I 24 GIORNI DEL CONDOR - Nel gennaio 2011, Sony dichiara ufficialmente guerra ai cracker - e in particolare al ventunenne George Francis Hotz in arte geohot, million75 e mil, reo di aver violato il sistema di protezione di PlayStation 3 e di averlo distribuito su internet (e arrivando persino a diffonderlo via Twitter, dopo aver manipolato l'account dell'uomo-immagine di Sony America, Kevin Butler). Per chi non lo sapesse, Hotz è l'equivalente videoludico di Julian Assange, una vera icona, un cyber-Robin Hood. Prima di "violentare" la console Sony, Geohot ha contribuito massicciamente al progetto di unlocking dell'iPhone. Il 22 gennaio 2010, l'hacker ha annunciato al mondo di aver finalmente "aperto" PS3, dopo aver lanciato pubblicamente la sfida a Sony sul finire del 2009. Geohot ha documentato l'impresa in rete, attraverso il suo seguitissimo blog e il 26 gennaio 2010 ha illustrato il processo in modo dettagliato. Per tutta risposta, Sony ha distribuito una serie di firmaware obbligatori per PS3 che disabilitano le manovre di Geohot e compagni di merenda e che hanno costretto gli utenti ad aggiornamenti settimanali del firmware PlayStation. La domanda sorge spontanea: perche' un utente PlayStation deve "pagare" l'incapacita' di Sony di proteggere il proprio sistema? Perche' ogni volta che accendo la console devo passare una decina di minuti abbondanti ad "aggiornarla"? Perche' la console non si aggiorna da sola, quando e' in stand-by? La risposta è una sola: poor design. Vedi il brillante intervento di Ben Kuchera su Ars Technica, "It only delays: the frustration of Sony Firmware" (2010):
I never think to turn on the system to get these updates when I don't want to game, which means they always smack me in the face when I'm excited about playing something or have to do some work. If I have 30 minutes to game, I'm better off avoiding my PS3 if I haven't played in a while... there will be some form of update or install to eat up that time. (Ben Kuchera, Ars Technica, 2010)
"As a father of 3 young kids, I don't spend much time with my PS3 anymore, but when I do, this is usually what I play. (andru365) (i.imgur.com)[Via reddit]
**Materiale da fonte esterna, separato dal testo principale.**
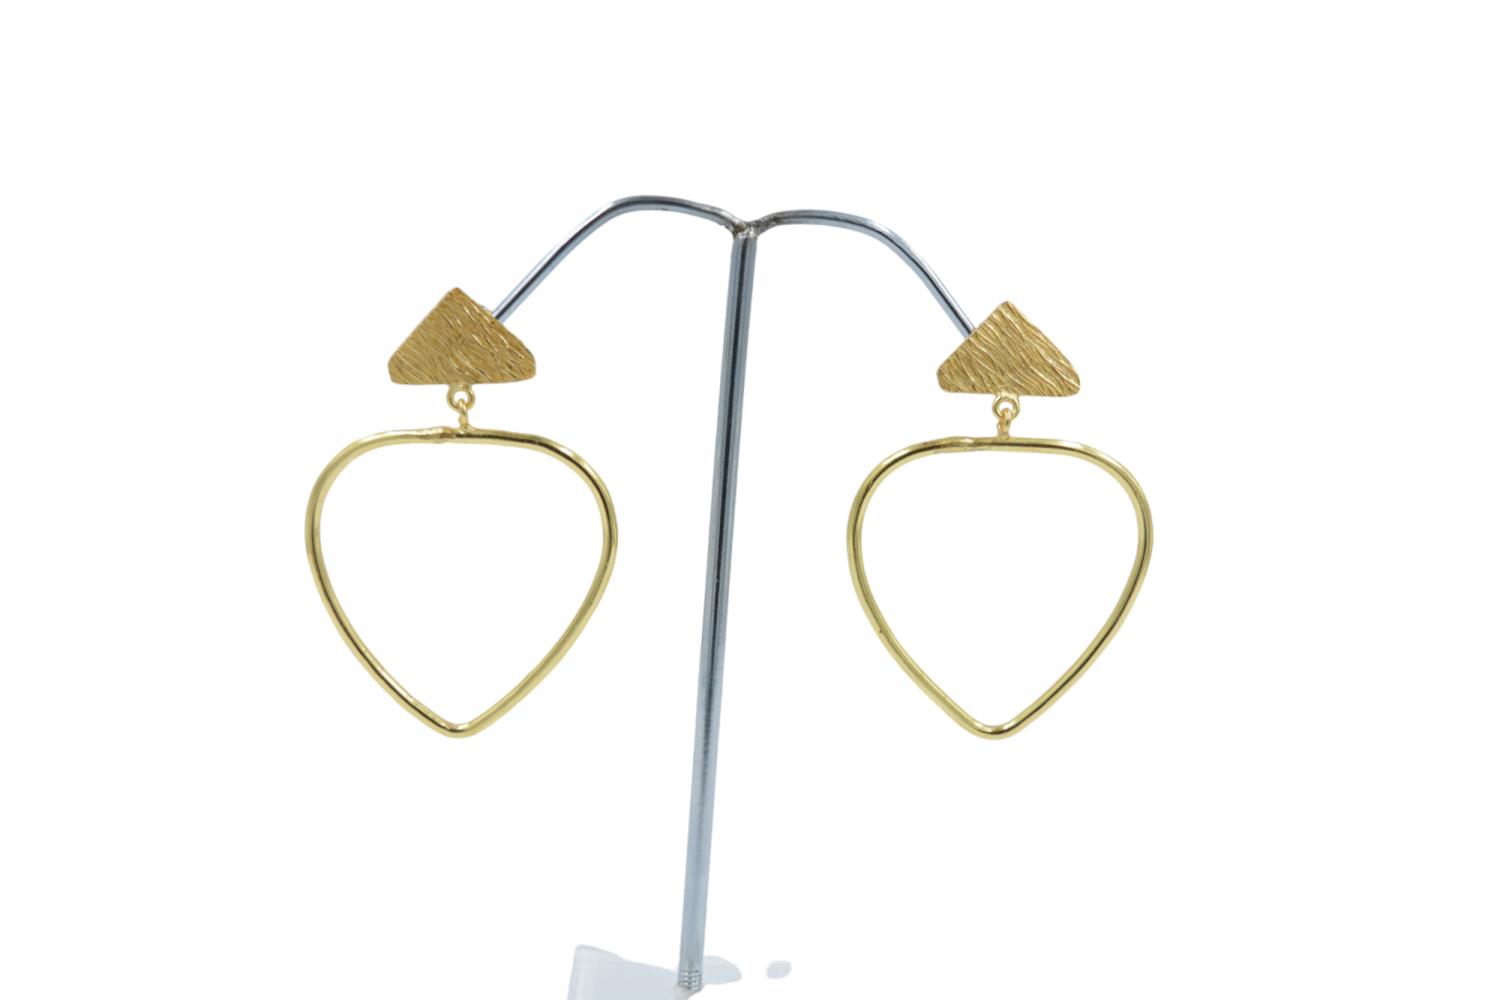 Best Selling Elegant Gold Plated Earrings for Women heart Gold Plated brass Earring Available at Bulk Price
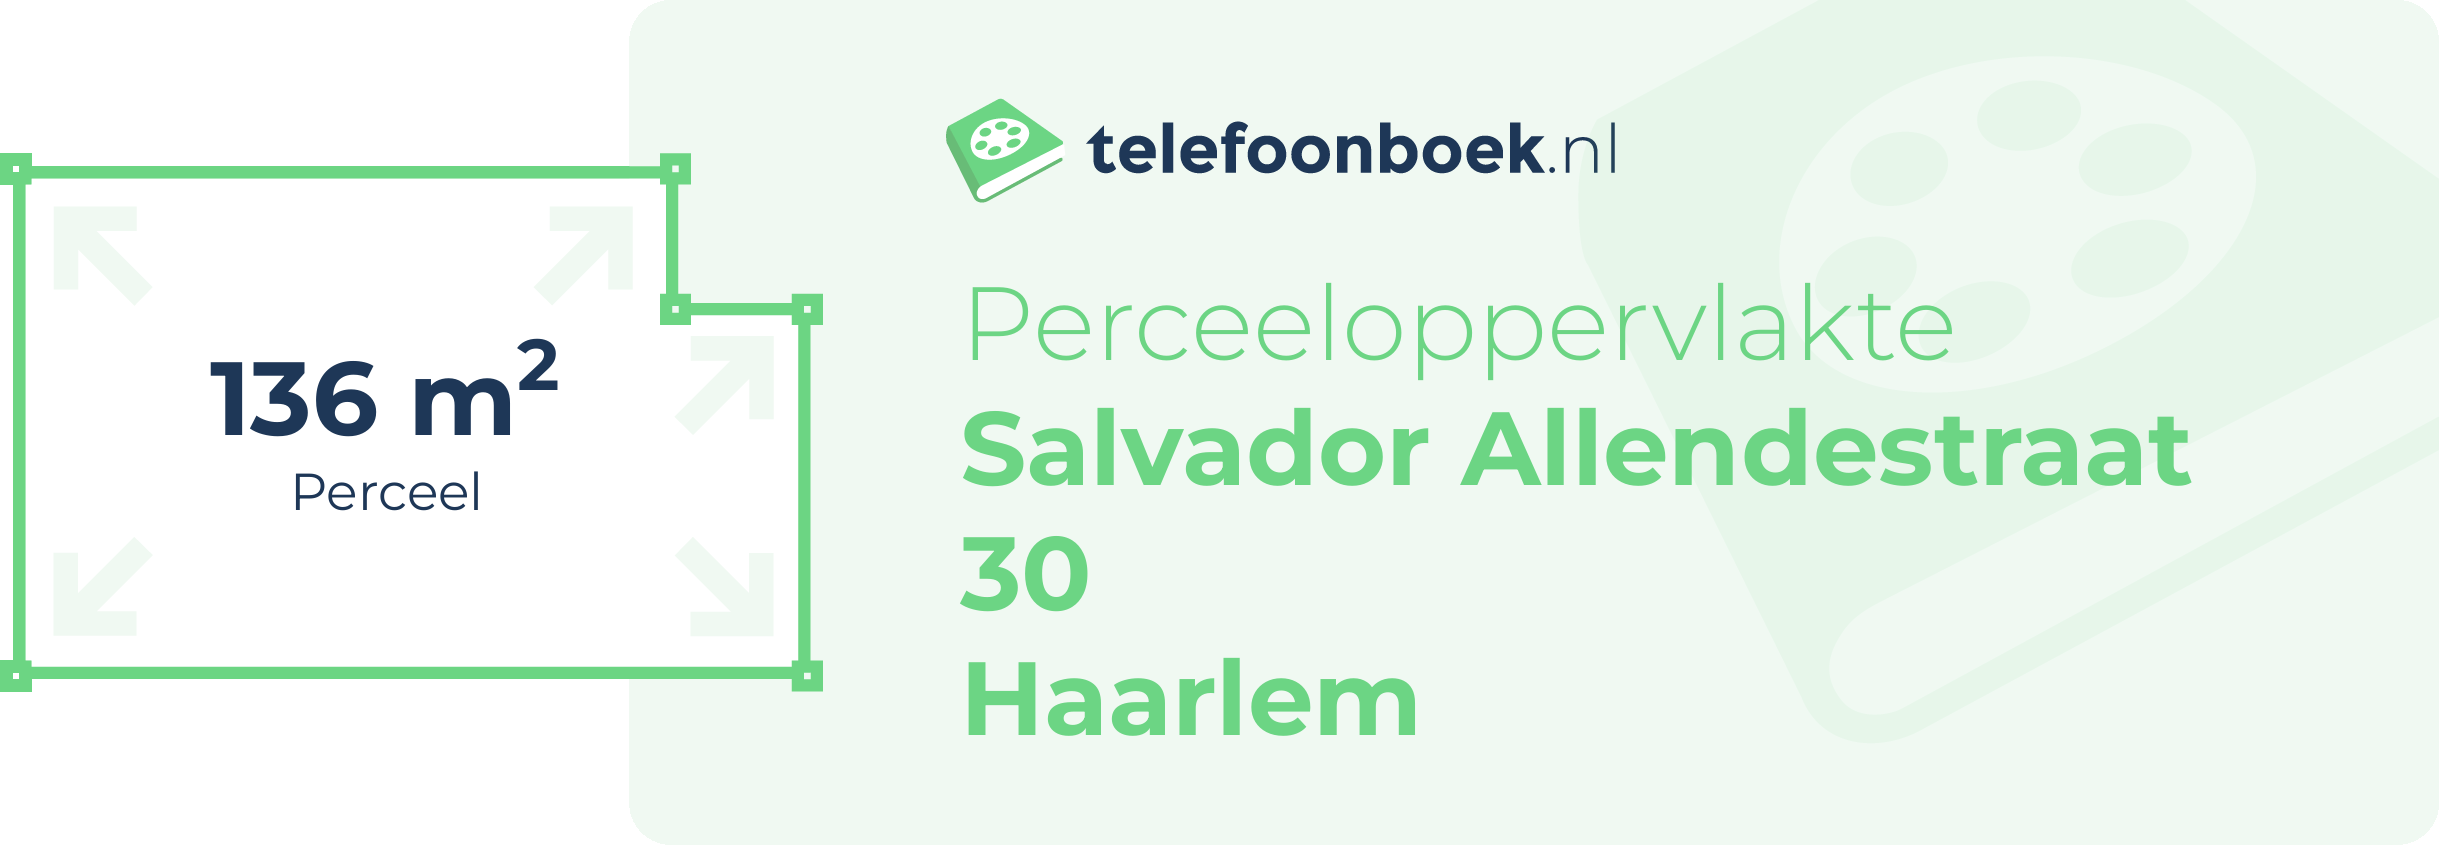 Perceeloppervlakte Salvador Allendestraat 30 Haarlem

Anziche' desistere, gli hacker hanno ideato una serie di contro-misure sempre piu creative per aggirare i continui aggiornamenti firmware di PS3. E quando Sony si è resa contro che le risposte tecnologiche non erano sufficienti a domare gli escamotage sempre piu' arditi degli hacker, ha deciso di passare alle maniere forti e l'11 gennaio 2011 ha fatto causa al ventiduenne Hotz, accusandolo di aver violato il copyright e compromesso innumerevoli brevetti, chiedendo ai giudici di autorizzare la requisizione del computer e dell'hard drive dell'hacker al fine di ispezionarne i contenuti e "bloccare" ogni possibile software capace di sovvertire le misure di protezione messe a punto da Sony, un'iniziativa che l'Electronic Frontier Foundation considera anti-costituzionale, se non apertamente illegale. L'idea che Sony possa aver diritto di ispezionare l'hard drive di un utente è inconcepibile, secondo l'EFF, tesi condivisa, tra gli altri, dal docente della Carnegie Mellon University David S. Touretzky, che per solidarieta' ha ospitato l'hack di Gehot sul server dell'universita' nel nome della liberta' di espressione.
A un mese di distanza, il nostro risponde a Sony attraverso un blog e postando un video rap su YouTube - "The Light It Up Contest" ha poco meno di due milioni di hits a tutt'oggi - in cui espone la sua versione dei fatti.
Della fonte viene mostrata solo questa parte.